The average 30-year rate climbed to 5% for the week ended Thursday from 4.92% the previous week, Freddie said.
The 15-year rate increased to 4.43% from 4.37%, the McLean, Va., government-sponsored enterprise said.
Rising borrowing costs reduced mortgage applications last week. The Mortgage Bankers Association's index of applications to purchase a home or refinance fell 14% and home builders broke ground on fewer homes than expected in September. A government tax credit for first-time homebuyers is set to expire at the end of November.
"It's going to be a long road to recovery," said Scott Brown, chief economist at Raymond James & Associates Inc. in St.

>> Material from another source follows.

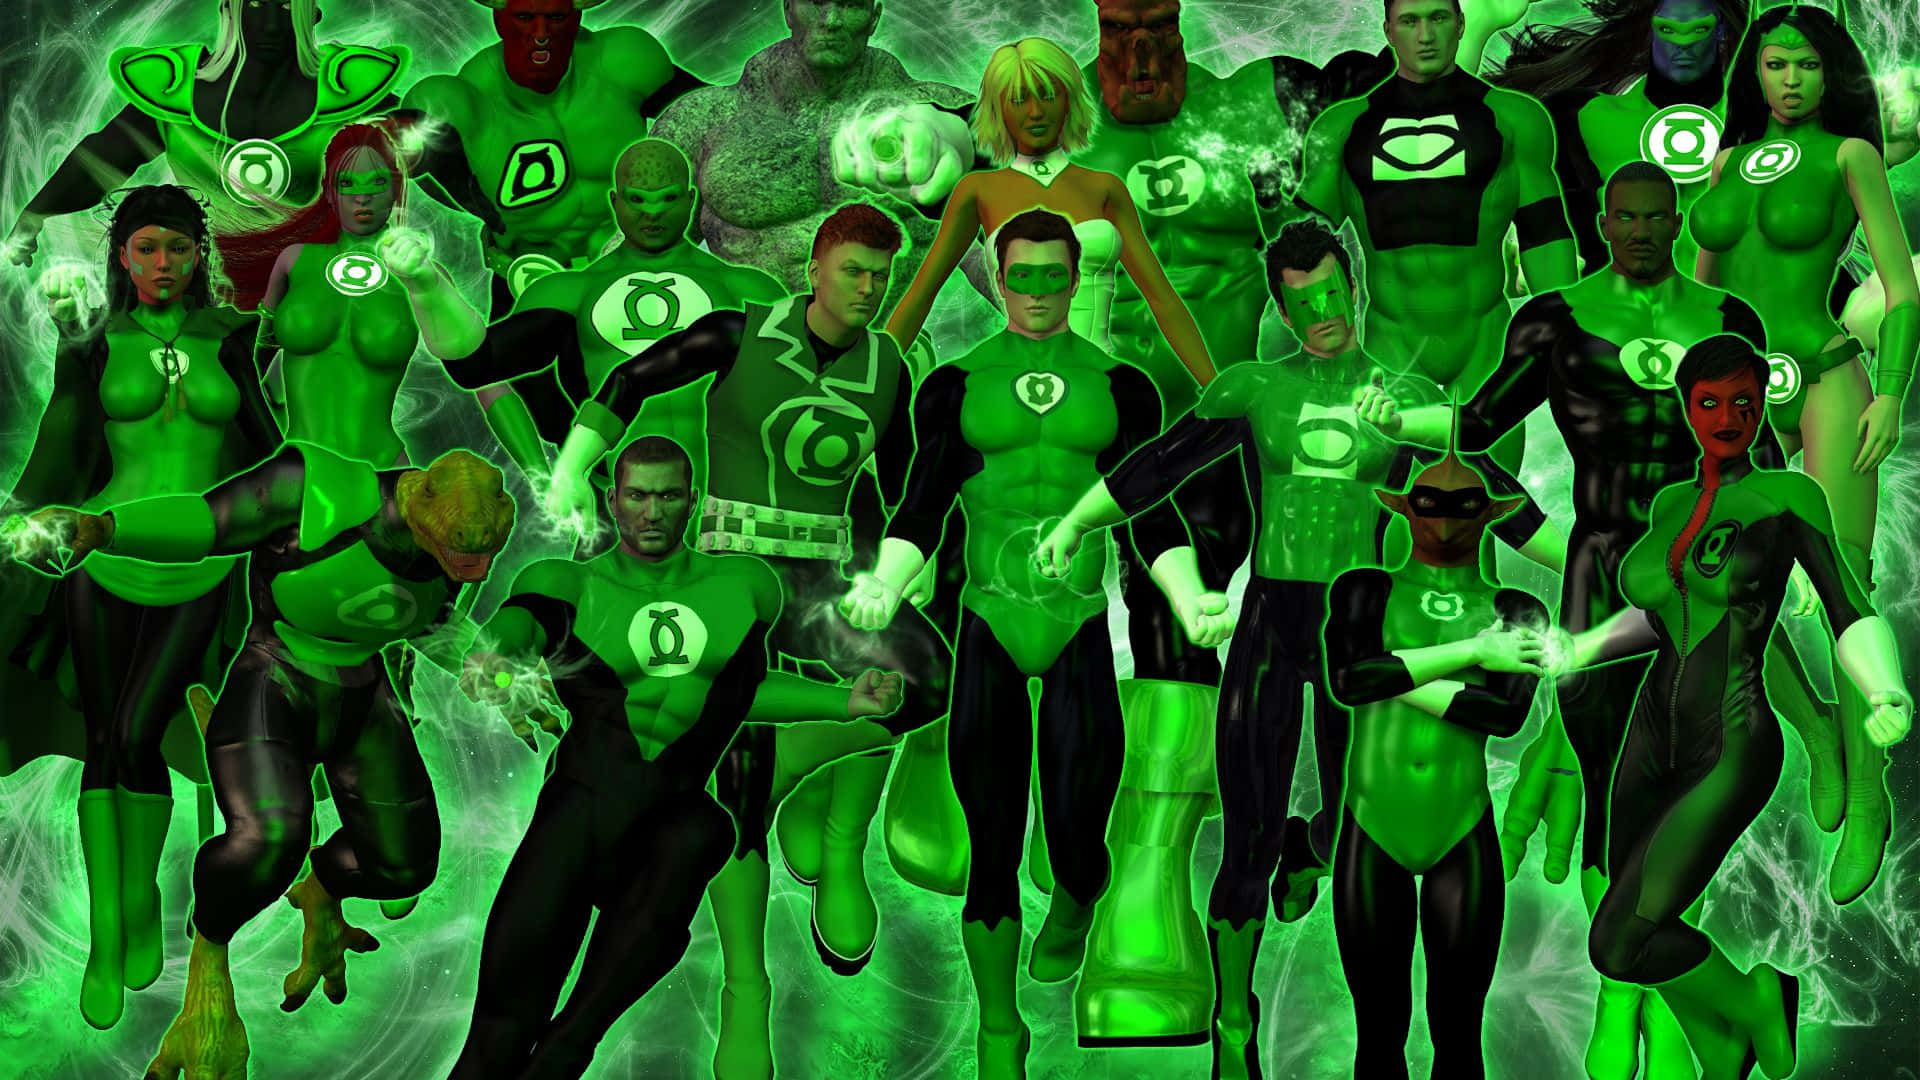 "The Power of Will: The Green Lantern"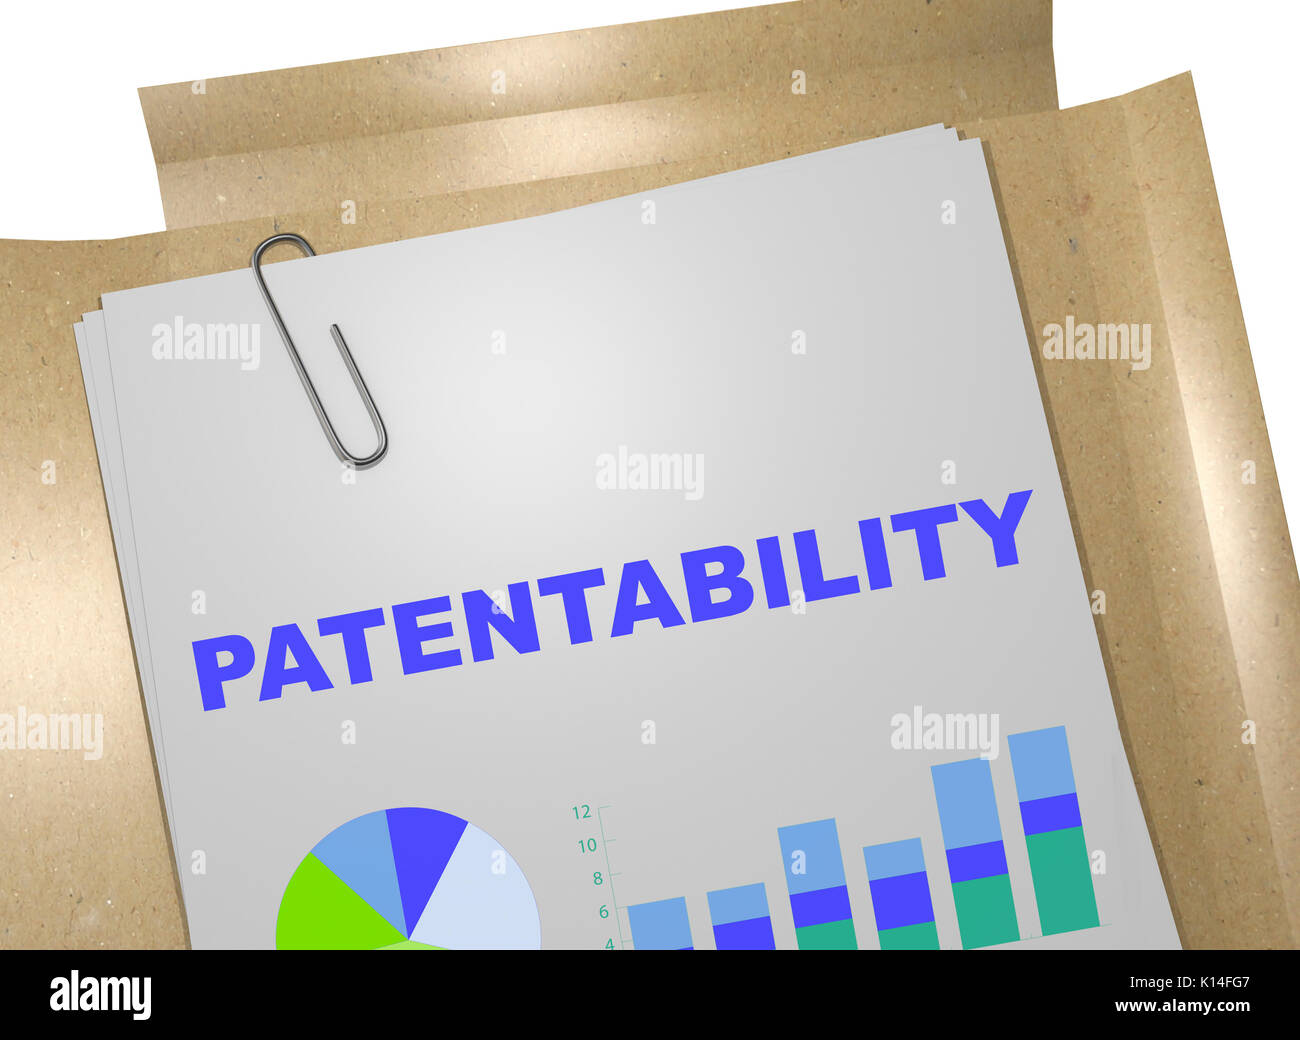 3D illustration of 'PATENTABILITY' title on business document Stock Photo

Petersburg, Fla. "It's going to be pretty gradual."
The Federal Reserve set out last year to encourage lower mortgage rates by pledging to buy bonds backed by home loans. It increased the size of the program to $1.25 trillion in March.
The purchases of mortgage-backed securities guaranteed by Fannie Mae, Freddie and the Government National Mortgage Association brought down yields and allowed lenders to reduce rates on new loans while still selling the securities backed by them at a profit. The plan helped drive mortgage rates to a record low of 4.78% twice in April.
The central bank's purchasing program is scheduled to end in the first quarter of next year.